[libvirt] [PATCH] Add a virStrSplitQuoted for splitting quoted strings

Daniel P. Berrange berrange at redhat.com
Wed Mar 14 17:28:01 UTC 2012


On Wed, Mar 14, 2012 at 11:10:24AM -0600, Eric Blake wrote:
> On 03/14/2012 10:50 AM, Daniel P. Berrange wrote:
> >> This looks like it is repeating some of the code in
> >> virsh.c:vshCommandStringGetArg; any chance we can combine them?  In
> >> particular, the ability to mimic shell handling of \ escapes, as well as
> >> the difference in behavior of \ inside "" vs. '', seems like it will
> >> come in handy.
> > 
> > Ah I had forgotten about that code.
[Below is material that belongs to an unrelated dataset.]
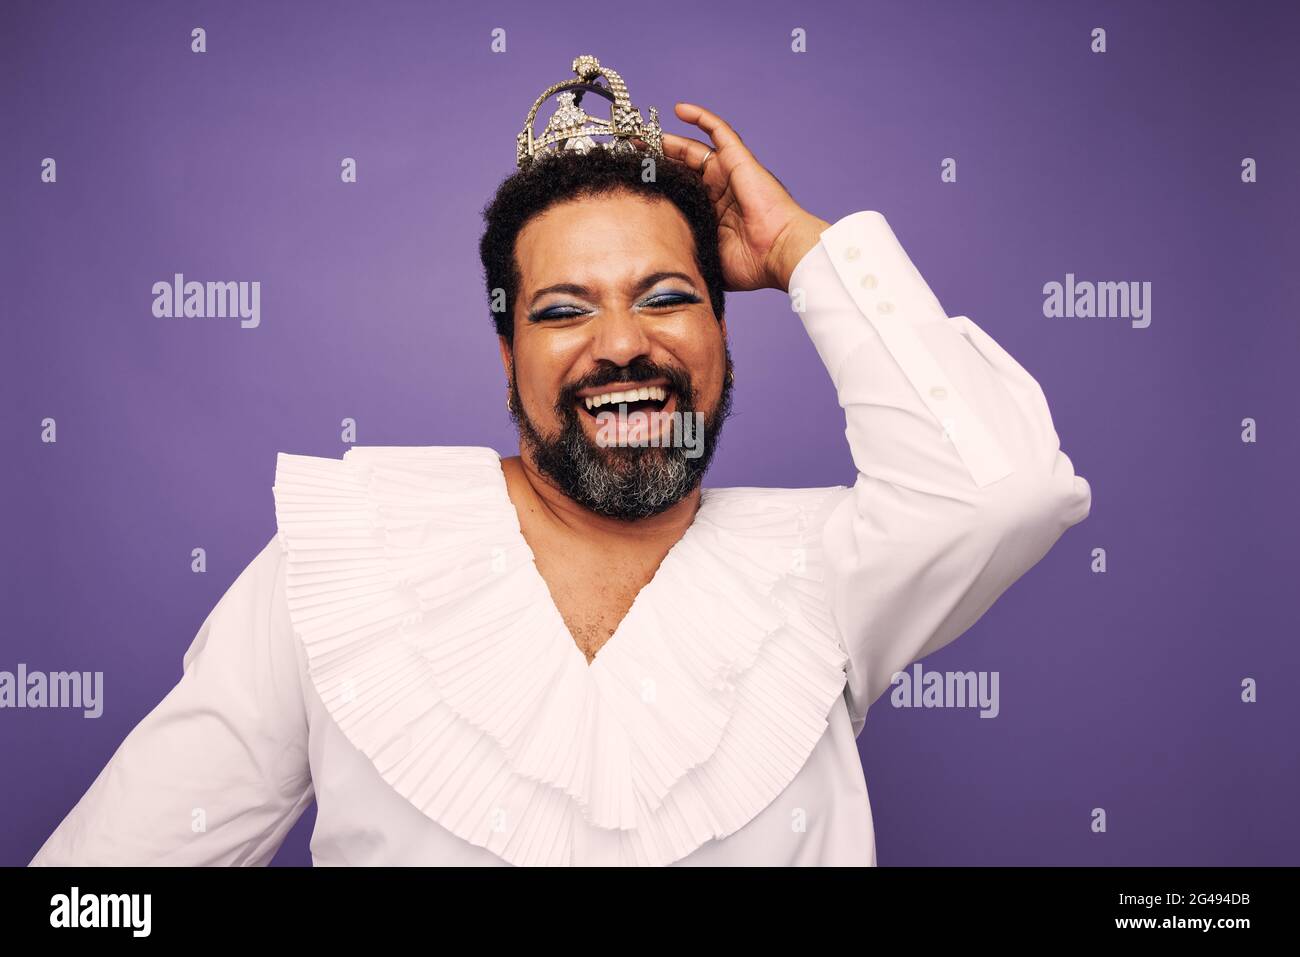 Porträt einer Drag Queen lächelt auf violettem Hintergrund. Bärtiger Mann mit Make-up und Krone auf dem Kopf. Stockfoto

Can you clarify the difference
> > in \ handling.  I guess you mean that inside '', \ can only be used
> > for  \\ and \', while inside "", it can do all the standard shell
> > escapes like \t, \n, etc ?
> 
> Inside '', \ has no special meaning. (There's no way to escape ' inside
> of ').
> 
> Inside "", \ escapes the next byte (important for " and \, but works on
> any byte.
> 
> Outside quotes, \ escapes the next byte.
> 
> And most importantly: concatenating two forms of quoted materials is
> permitted.  Thus:
> 
> foo"b'ar\" "\'' blah\'
> 
> on input becomes this on output:
> 
> foob'ar" ' blah\
> 
> >>
> >> What you have here does neither; although I didn't spot any flaw in the
> >> code, I don't know if it's the algorithm we want to be using.
> > 
> > I should have sent this paired with my other patch for <cmdline>
> > handling in LXC. That is the intended use case for this function.
> > 
> > I'm not sure that anyone has ever clearly defined what escaping
> > syntax is used for /proc/cmdline (which is what <cmdline> is
> > representing.
> 
> Hmm, good point.  If it is /bin/sh doing the parsing, then we know the
> rules (and virsh matches them); but it if is a custom parser in the
> kernel, the we have to match that custom parser.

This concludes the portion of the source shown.